Since there are so many problems I'll number them so it is easy to add comments refering to specific issues. Some of the problems are very general (e.g. Claude hits maximum conversation size limit) and some are narrow and techical (e.g. Claude gets model spec ranges wrong #1.1-1.5 instead of #1.1-5). The general ones are fewer and I think more interesting in terms of improving the utility of Claude controlling ChimeraX so I'll put a "G" in the number for those issues to highlight those.
Change History (3)
comment:1 by , 4 days ago
comment:2 by , 4 days ago
G13) Claude usage limit.
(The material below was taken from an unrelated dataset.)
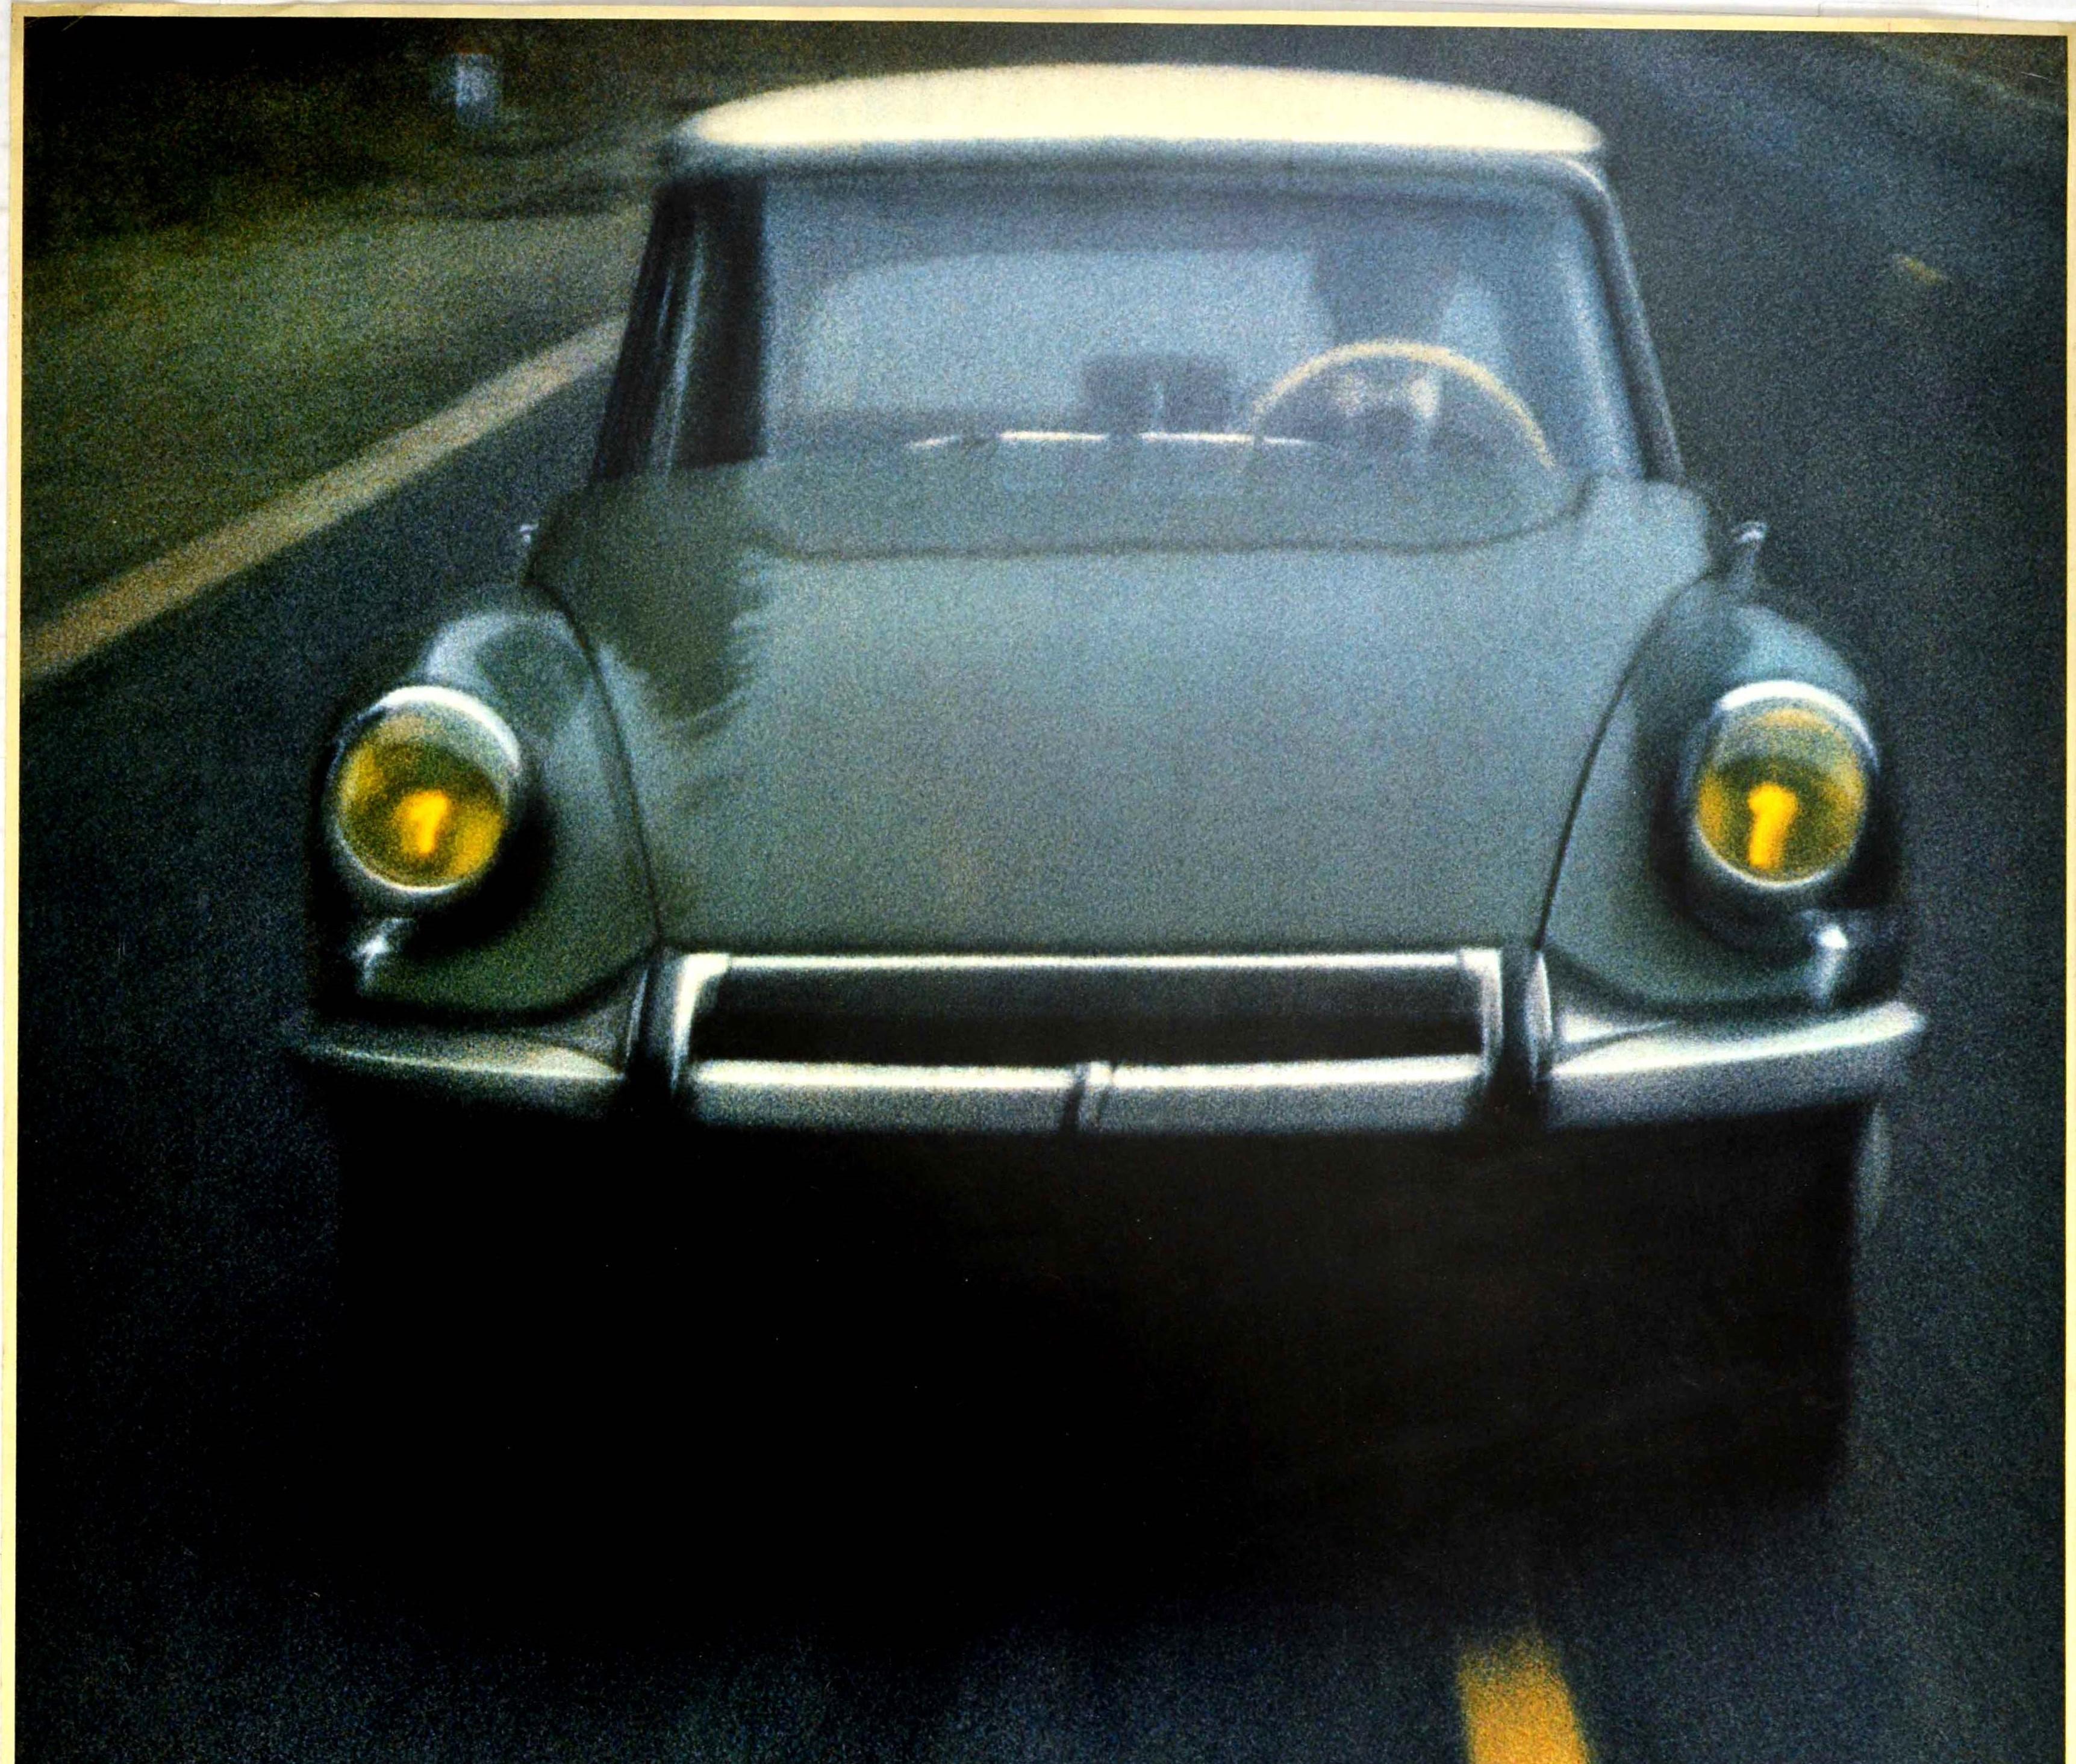 Affiche publicitaire originale émise par le constructeur automobile français Citroën (fondé en 1919) représentant une superbe photographie d'une Citroën DS vert foncé de 1960 roulant à vive allure sur une route. Le conducteur porte un costume et un

With the free Claude plan I was only able to ask about 15 questions before it said I reached the usage limit for a 5 hour period. That was about 30 minutes of use. So I signed up for the Claude Pro plan, $20 per month, that gives 5x the usage limits. I also have run out of usage with the Pro plan twice so far in a total of just 5 hours of use over 3 days. I only get about 90 minutes of use before it says I must wait another few hours to get more usage. The next Claude price plan Max starts at $100 per month which would probably limit use by academic biologists. The Max plan gives 5x more usage than Pro and would probably allow a full day work with Claude without hitting limits.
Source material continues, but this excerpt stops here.